Member of the Illinois House of Representatives from the 71st district
- In office January 11, 1995 – January 12, 2011
- Preceded by: Bob DeJaegher
- Succeeded by: Richard Morthland

Personal details
- Born: August 20, 1942 (age 83) Davenport, Iowa, U.S.
- Party: Democratic
- Spouse: Mary
- Profession: Educator^{[vague]}

= Mike Boland (politician) =

American politician

Mike Boland is an American politician who served in the Illinois House of Representatives, representing the 71st District from 1995 to 2010, and the Democratic nominee for Indiana State Treasurer in 2014. In 2016, Boland ran for the Indiana House of Representatives. However, he lost the general election to Todd Huston.

Born on August 20, 1942, Mike was born and spent part of his childhood in Davenport, Iowa as one of seven children. His family moved to Texas; Boland returned to the Quad Cities area to finish the final two years of high school.

He received his B.A. from Upper Iowa University and his M.S. in education from Henderson State University; As of 2002 he had, from Western Illinois University and the University of Iowa, 48 semester hours of work past his master's degree.
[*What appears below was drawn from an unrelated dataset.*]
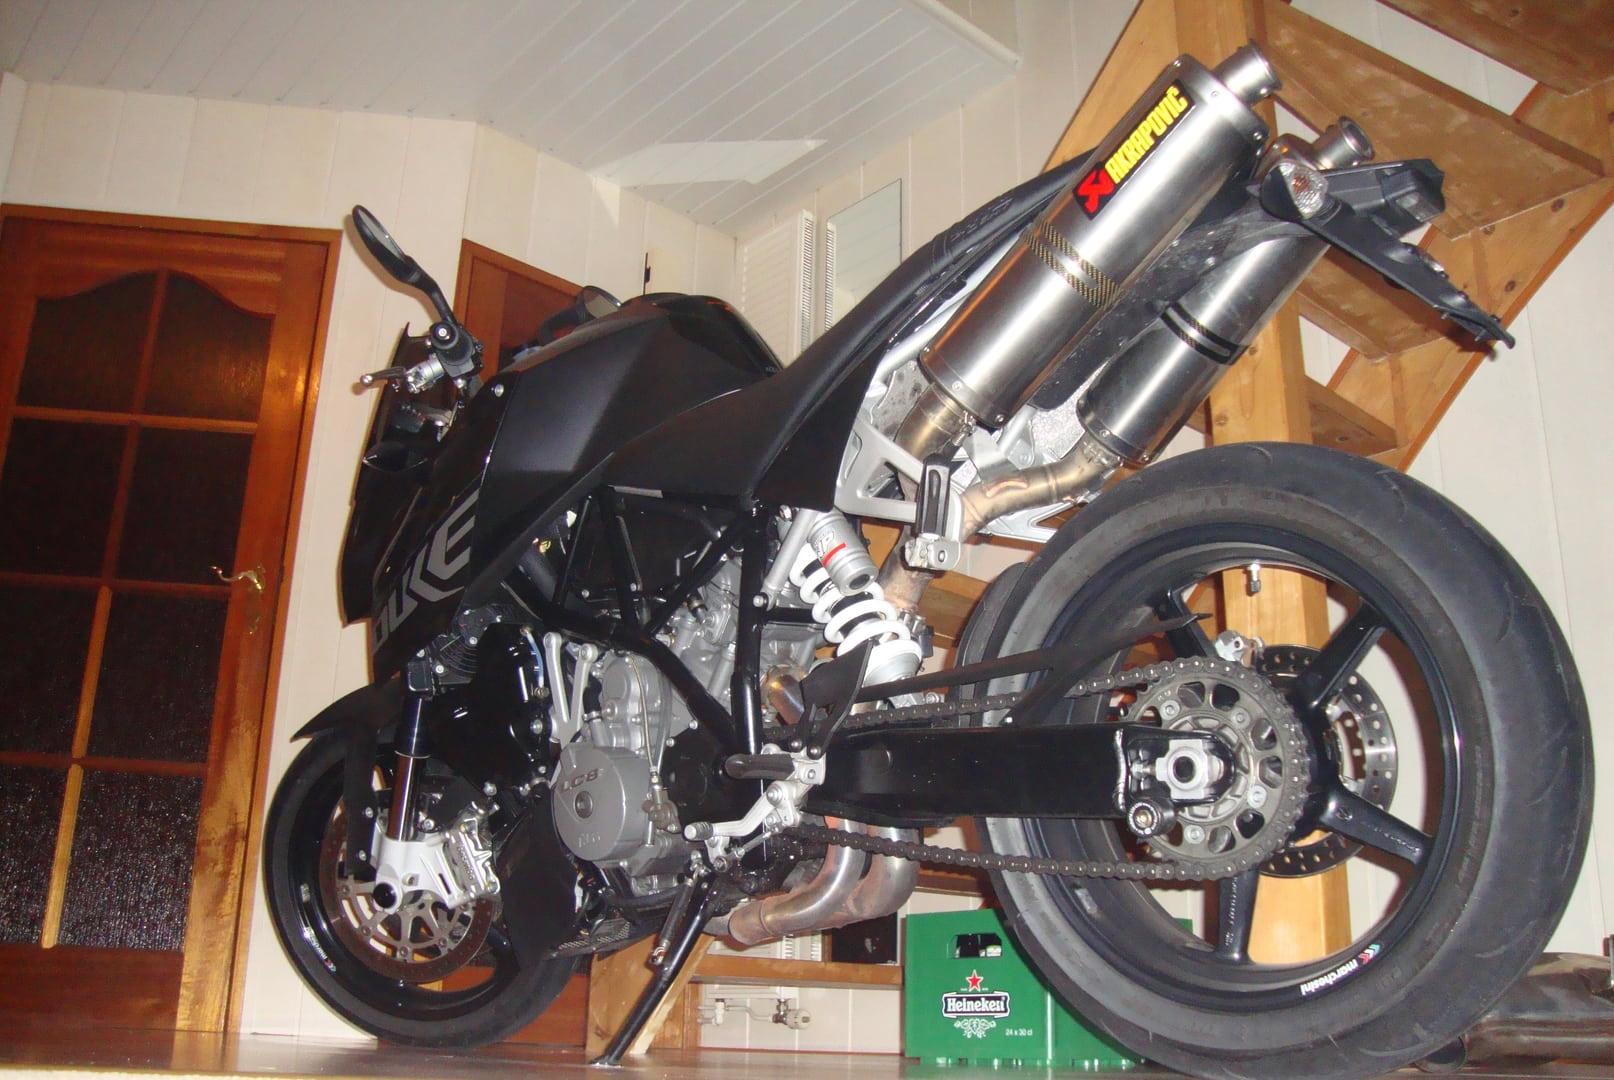 Motor in de woonkamer   algemene motorpraat   motor forum
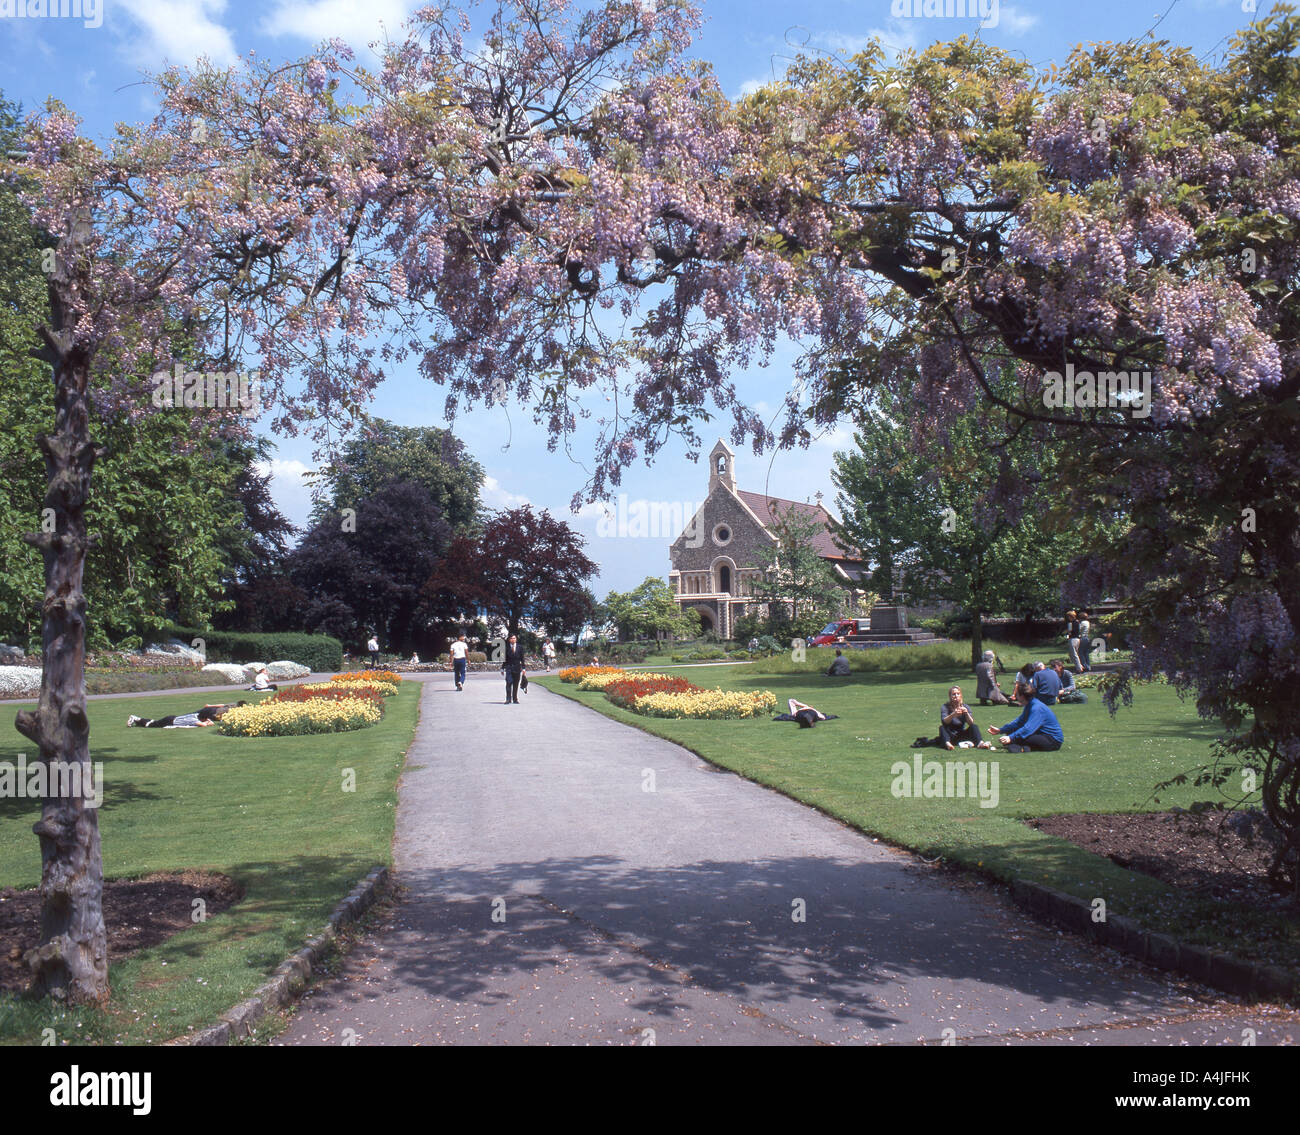 Forbury Gardens, Reading, Berkshire, England, United Kingdom Stock Photo

Boland spent thirty years as a civics teacher.

Boland's wife, Mary, was a member of the Illinois State Democratic Central Committee from Illinois's 17th congressional district. Mike and Mary have two daughters.

As of 2011, Boland lived in East Moline, Illinois.

==Political life==
Boland was in the Illinois House of Representatives for 16 years.

He was one of the most forceful voices concerning the admissions controversy at the University of Illinois, in which relatives of politicians close to ex-governor Rod Blagojevich were being admitted more easily by university officials. Boland called on university officials, including B. Joseph White, to resign, saying "They were trusted to protect our university. In my eyes, they failed in that regard and they should resign."

He left the Illinois House of Representatives to run for Lieutenant Governor of Illinois in 2010, but was defeated.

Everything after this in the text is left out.